### Instructions

Credit reports are part of the external data recovered by FairMoney. The point here is to evaluate your ability to process semi-structured data to extract features that you think are relevant for credit scoring.

- From the file *credit_report_sample.json*, the goal is to extract/create all the features that seem relevant to you.
- For each constructed variable, tell us how it could be relevant to improve the risk scoring model.
- The output should be a Python function/class which takes one or more credit reports as input and returns the features as they can be used by a model.

We will evaluate your ability to manipulate semi-structured data and your business sense.

# Notebook Summary
A single function has been built to construct different variables neccessary for augmenting a risk model for improved performance.

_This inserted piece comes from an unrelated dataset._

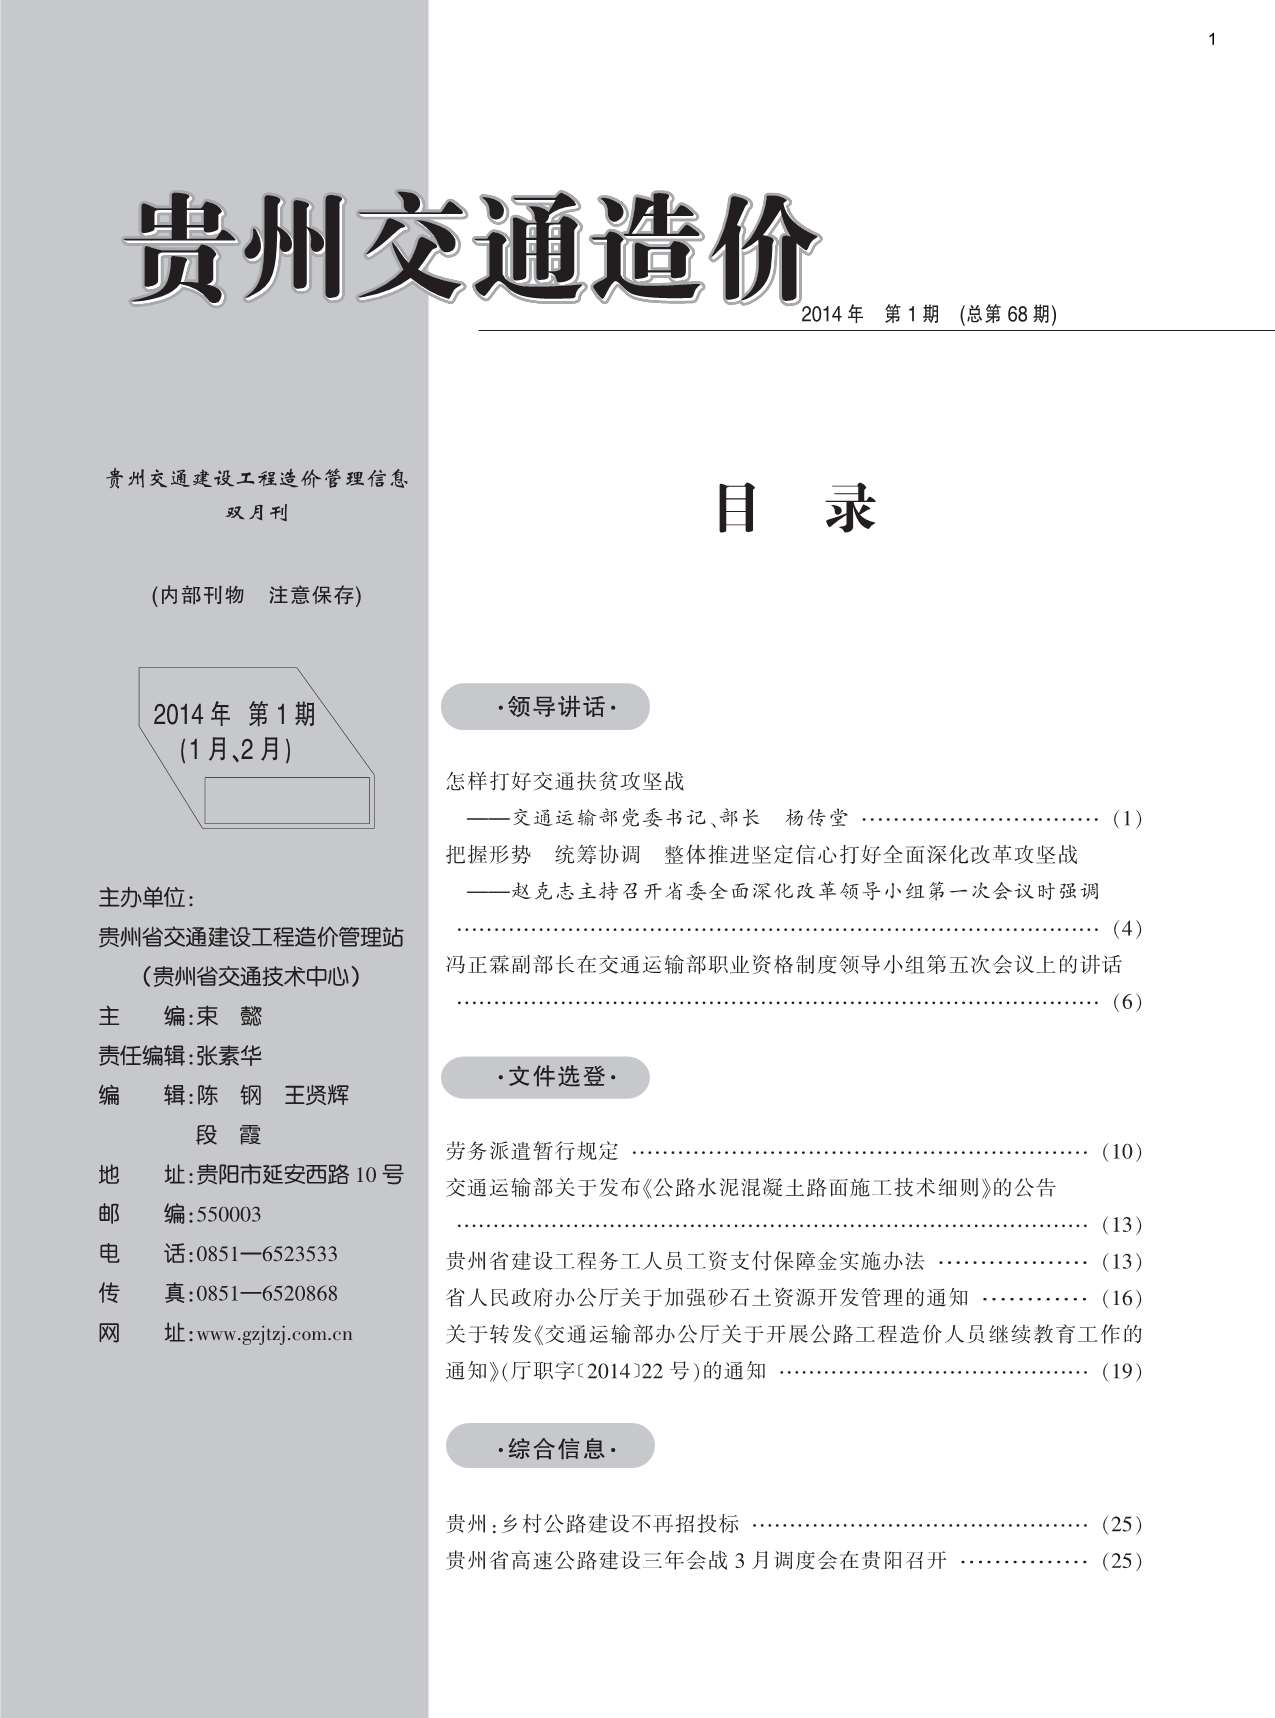 贵州省2014年1月交通公路信息价

This function takes the json file (or link in this case) and generates a ready to use dataframe containing diffent variables considered neccessary to augment a Credit Risk Model for FairMoney.


What to Expect?
There are two important section for review.
1. **The Code Block.** A detailed function designed to mung the JSON file and develop a variable list of 39 columns.
2. **Data Extraction and Field Selection:** Containing a documentation of sections of the JSON and fields extracted from these sections to develop the dataset. It also details each field in the final dataframe.




# Code Block

In [None]:

import pandas as pd
import requests
from datetime import datetime
from dateutil.relativedelta import relativedelta


def process_credit_data(json_link):
    """
    Fetches, extracts, and processes credit data from a JSON link.

    Args:
      json_link: The URL of the JSON data.

    Returns:
      A pandas DataFrame with the processed credit data.
    """

    # Example usage:
    json_link = "https://file.notion.so/f/f/ce90a377-5991-40c1-8a79-ada0a7d2355e/9f5d6694-7864-4e64-9e1b-d65c348946dc/credit_report_sample.json?table=block&id=9f3e46d5-f284-4b6a-9df5-7a753399db78&spaceId=ce90a377-5991-40c1-8a79-ada0a7d2355e&expirationTimestamp=1728849600000&signature=3jz4si6bwMG-bPVqruqBMco9yuq3eoUd_SRz8DmaAfQ&downloadName=credit_report_sample.json"  # Replace with the actual link to your JSON data

    response = requests.get(json_link)
    data = response.json()

    # --- Extract data into DataFrames ---

    # Account Rating
    account_rating_data = []
    for item in data:
        account_rating = item['data']['consumerfullcredit']['accountrating']
        account_rating['application_id'] = item['application_id']
        account_rating_data.append(account_rating)
    df_accountrating = pd.DataFrame(account_rating_data)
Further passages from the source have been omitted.